Cumulative gauging score charts based on two pairs of gauges are proposed to control the process mean or the standard deviation by either gauging one or several observations. Both random walk and cusum type cumulative gauging score charts are used. For controlling the process mean and standard deviation at the same time, a cusum type and a two-dimensional random walk type procedure are proposed. A gauging scheme can be applied to multivariate quality control by gauging either x² or T² statistics. A simple multivariate control chart which is based on the multivariate sign score vector is also proposed.
The exact run length distribution of these cumulative gauging score charts can be obtained by formulating the procedures as Markov chain processes. For some procedures, the average run length (ARL) can be obtained in a closed form expression by solving a system of difference equations with appropriate boundary conditions.

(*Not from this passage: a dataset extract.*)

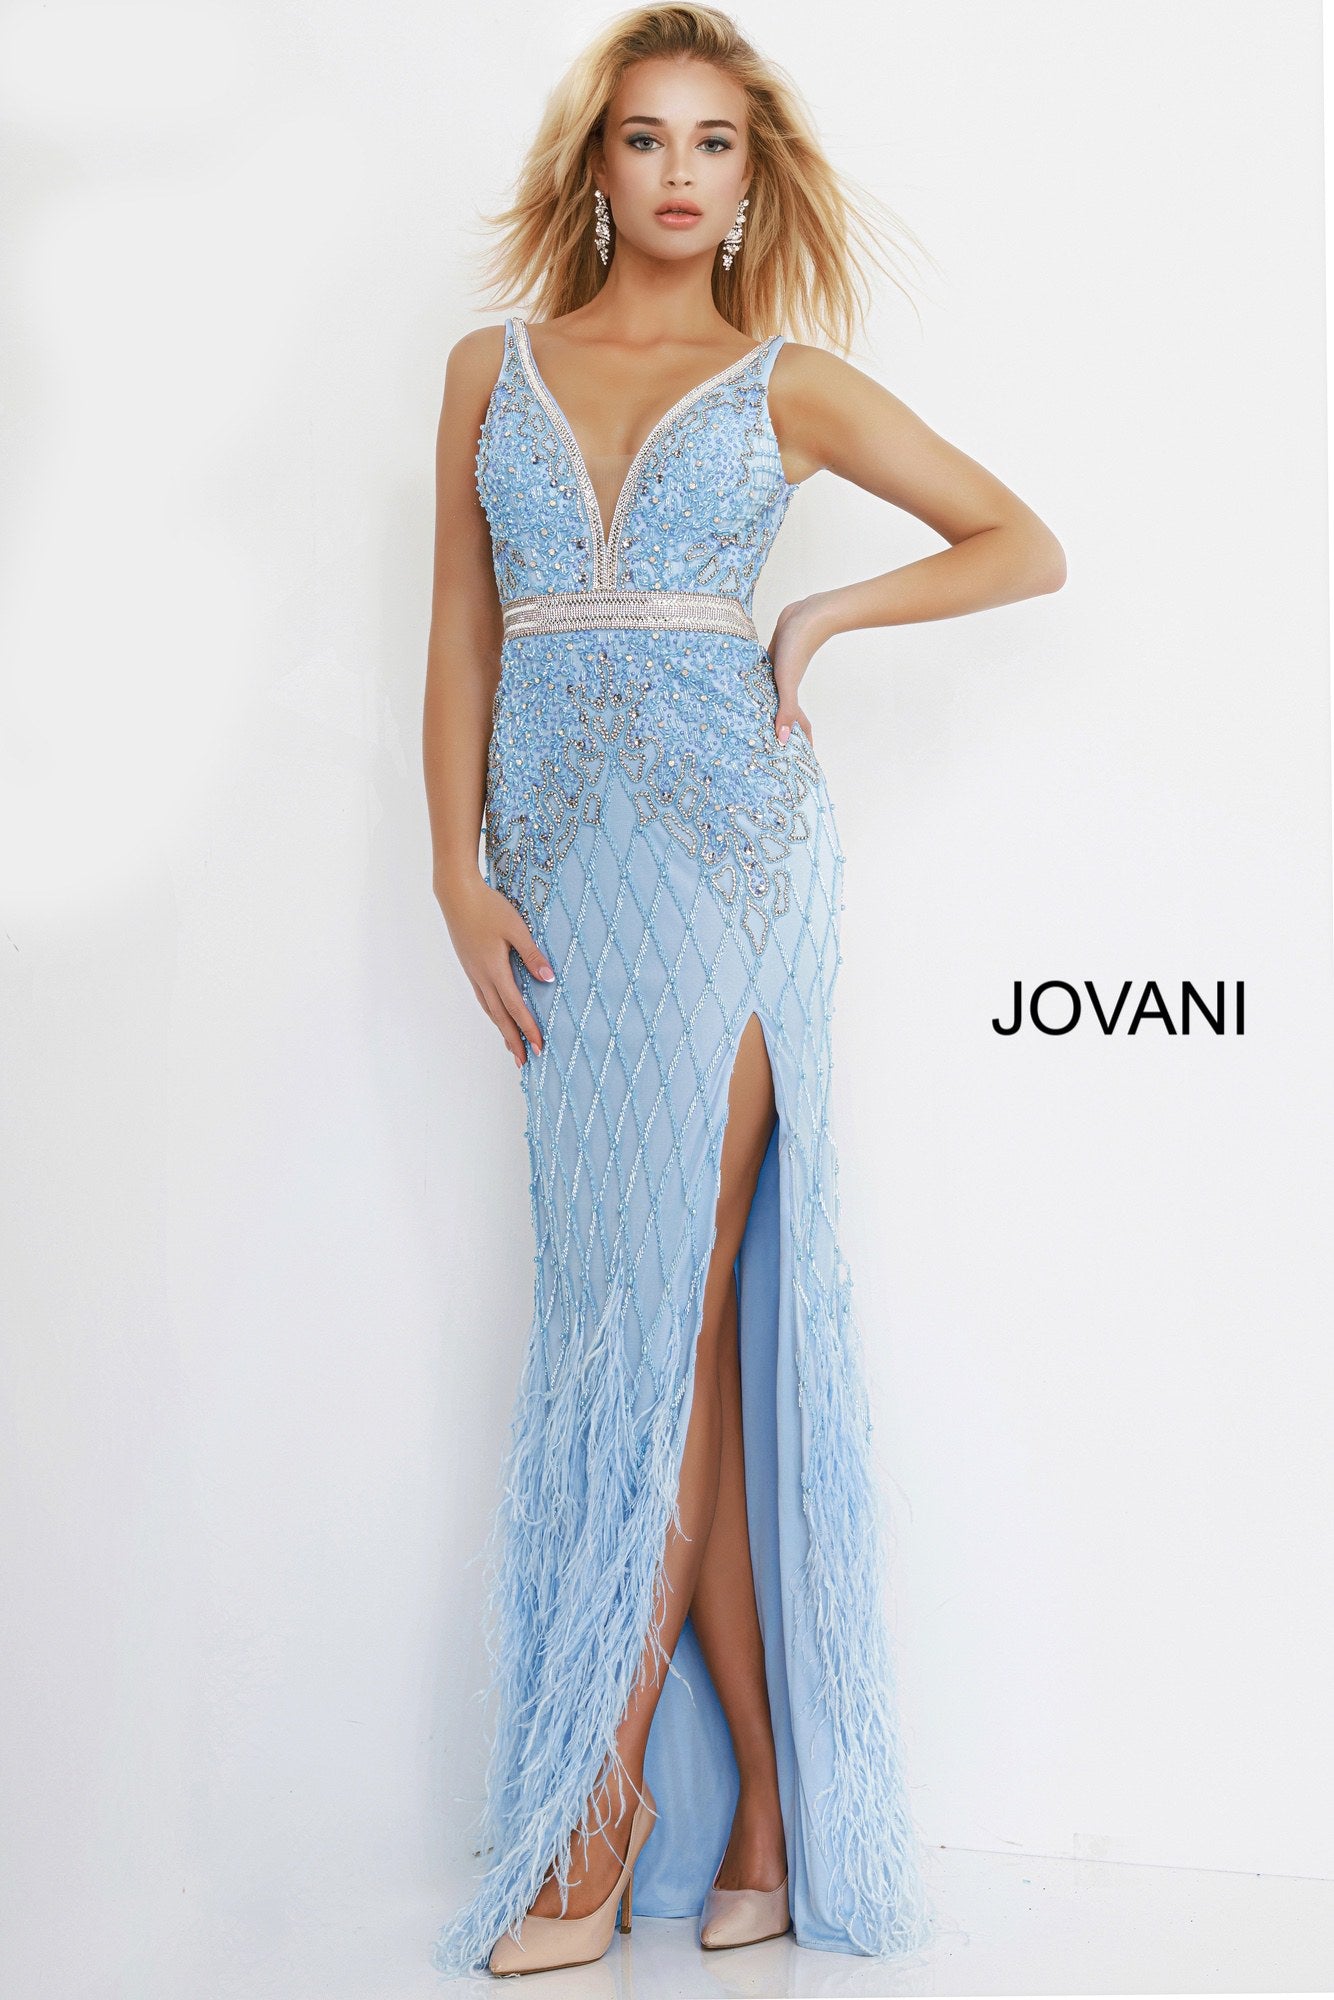 Jovani 55796 embellished prom dress pageant gown with feather skirt v neckline.

Comparisons based on the ARL show that the cumulative gauging score charts can detect small shifts in the quality characteristic more quickly than the Shewhart type X-chart. The efficiency of the cusum type gauging score chart is close to the regular CUSUM chart. The random walk type gauging score chart is more robust than the Shewhart and CUSUM charts to observations which have heavy a tailed distribution or which are serially correlated. For multivariate quality control. A procedure based on gauging the x² statistic has better performance than the x² chart. Also, a new multivariate control chart procedure which is more robust to the misspecification of the correlation than the x² chart is proposed. / Ph. D.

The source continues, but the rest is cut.